Much of the authors’ assumptions about the possible response of civilians to COIN operations depend upon game theory. Critics argue that this approach simplifies the choices available to actors at a given moment, and the possible non-rational explanations for why a civilian might agree to cooperate with COIN forces. There is often a thin line between good science and scientism. This book contains a great deal of the former, but sometimes the authors’ assertions about the supremacy of the data-driven approach runs the risk of slipping into the latter.

Finally, Small Wars, Big Data is a hefty read requiring some stamina from the reader.

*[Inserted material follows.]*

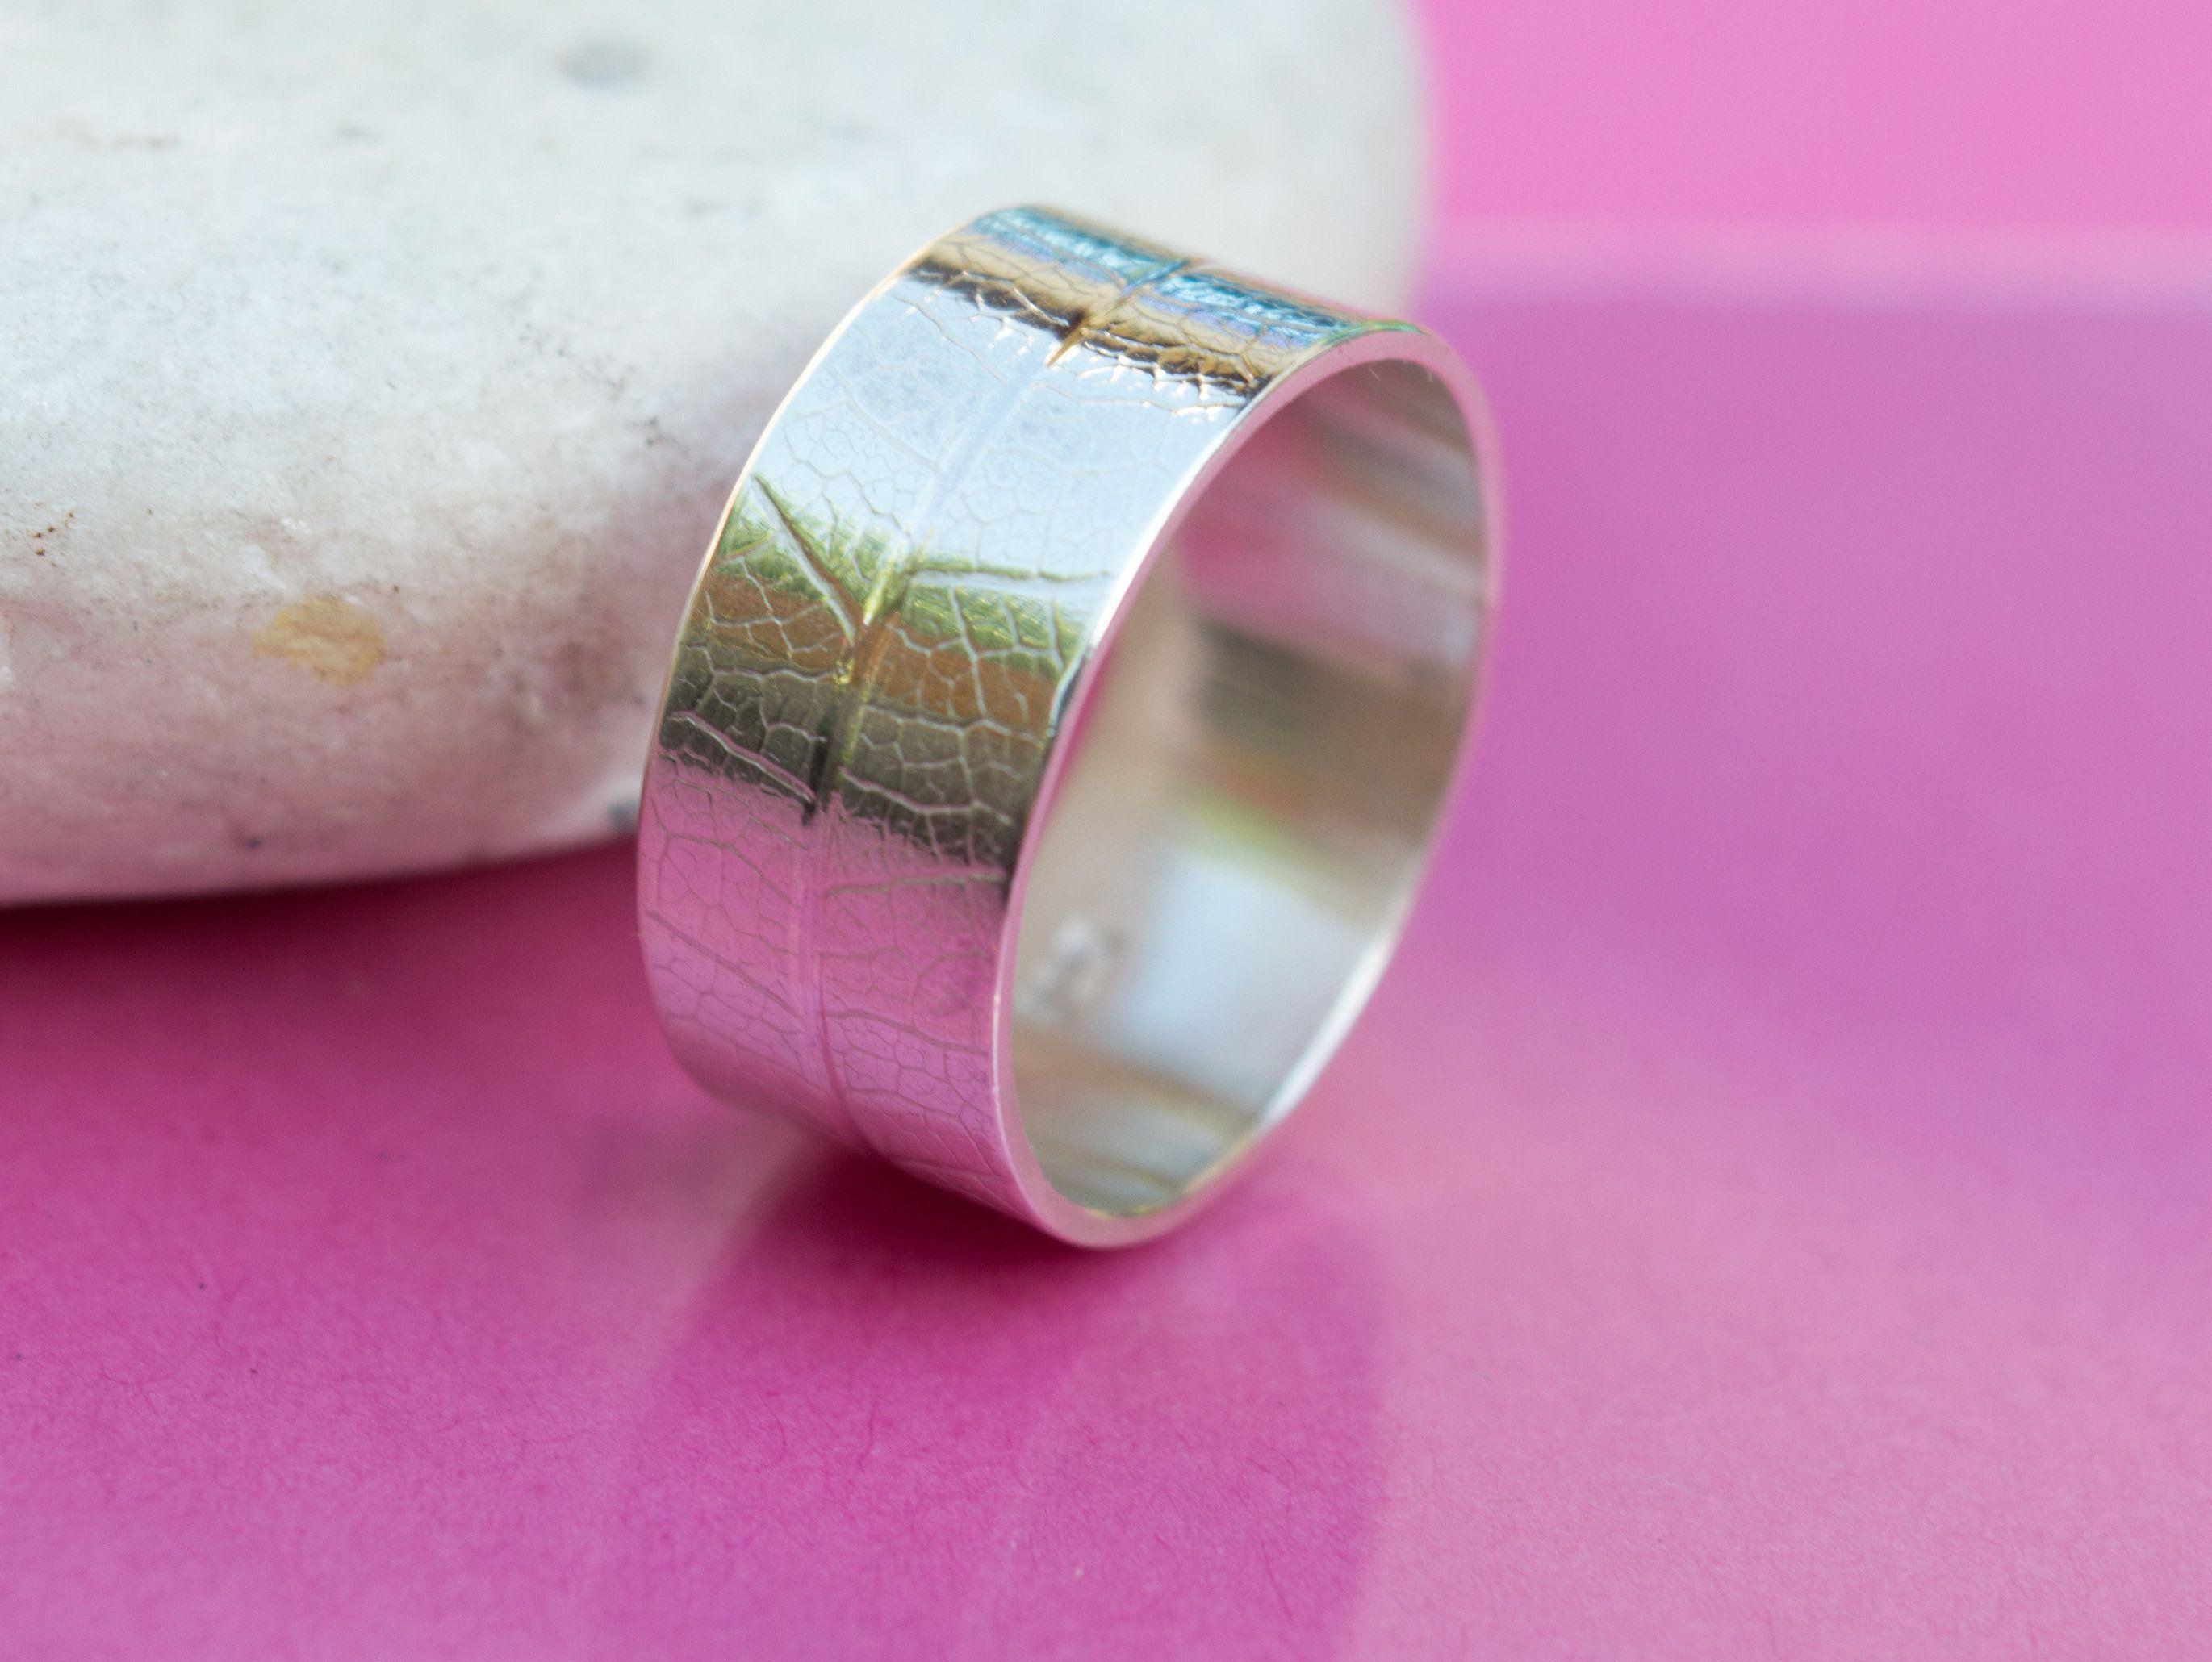 Thumb ring-Band ring-Sterling silver ring-Stacking ring-Silver thumb ...

The authors try to improve readability by providing introductory (hypothetical) stories to ‘pull’ the reader into the chapters. It is up to the reader to determine whether they have succeeded or not, but it is an admirable attempt to sensitize those interested in the fact that dealing with the dilemmas of (counter)insurgency concerns real people living real lives. This certainly holds true for civilians caught as always between a rock (rebels) and a hard place (local government).

All concerns aside, Small Wars, Big Data is undoubtedly an innovative study that contains rich empirical depth that will likely inform both practitioners and academic debate on COIN and asymmetric conflict for decades to come. In short, an essential addition to the COIN bookshelf.

Dr. A. Claver (Netherlands Ministry of Defence) and dr. S. Willmetts (Leiden University)

Small Wars, Big Data

The Information Revolution in Modern Conflict

Door Eli Berman, Joseph H. Felter and Jacob N. Shapiro

Princeton (Princeton University Press) 2018

408 blz. – ISBN 9780691177076


[1] See for example David Galula, Counterinsurgency Warfare Theory and Practice (Praeger, 1964); John A. Nagl, Learning to Eat Soup with a Knife. Counterinsurgency Lessons from Malaya and Vietnam (University of Chicago Press, 2005); David Kilcullen, Three Pillars of Counterinsurgency (US Government Counterinsurgency Initiative, 2006).

[2] Chapter 2 (pp. 23-54) provides a detailed description of ESOC’s motivation and approach.

[3] Ben Connable, Embracing the Fog of War. Assessments and Metrics in Counterinsurgency (RAND, 2012).